Wednesday, November 11, 2009

Perfect Pumpkin Pie - Yes, This Will Be Dessert

This is a variation from my normal pumpkin pie recipe.  This uses sweetened condensed milk instead of evaporated milk.  It should be yummy.  Pumpkin Pie is always my favorite Thanksgiving goody.

1 (15 oz) can pumpkin (about 2 cups)
1 (14 oz) can Sweetened Condensed Milk
2 large eggs
1 tsp ground cinnamon
1/2 tsp ground ginger
1/2 tsp ground nutmeg
1/2 tsp salt
1 (9") unbaked pie crust

Heat oven to 425.  Whisk pumpkin, sweetened condensed milk, eggs, spices and salt in medium bowl until smooth.  Pour into crust.
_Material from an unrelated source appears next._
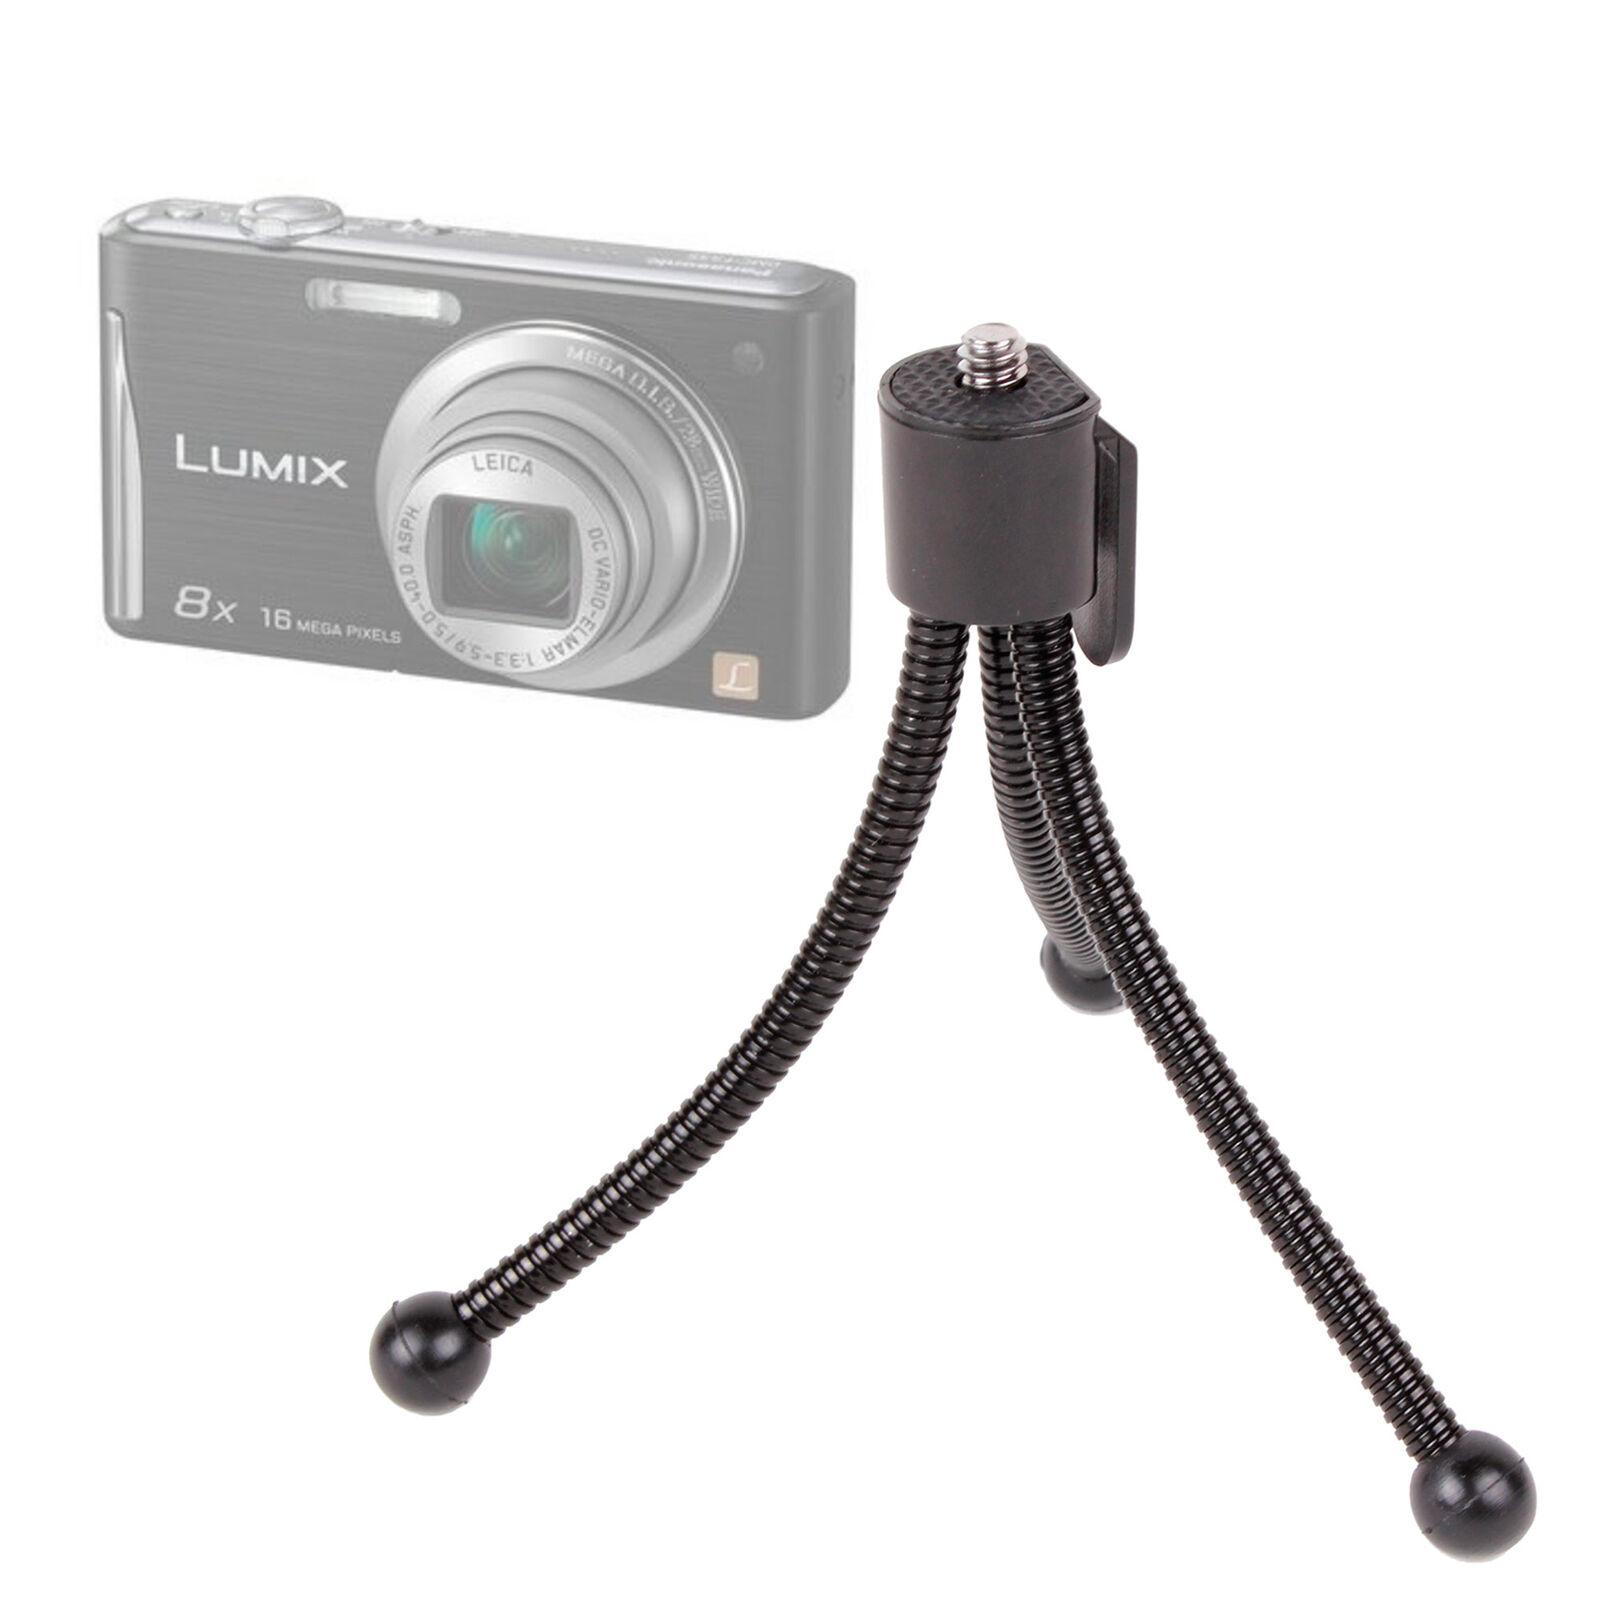 Lumix LX5 Compatible with Panasonic Lumix DMC-FH10//FS50 Lumix TZ18 /& DMC-TZ30EB-K DURAGADGET 2-in-1 Extendable Travel Tripod Lumix DMC-FS35

Bake 15 minutes.  Reduce oven temp to 350; bake an additional 35 - 40 minutes or until knife inserted 1" from crust comes out clean.  Cool.

Optional Streusel Topping
Combine 1/2 cup packed brown sugar and 1/2 cup flour in medium bowl.  Cut in 1/4 cup cold butter until mixture resembles coarse crumbs.  After pie has baked for 30 minutes at 350, sprinkle evenly over top.  Bake an additional 10 minutes.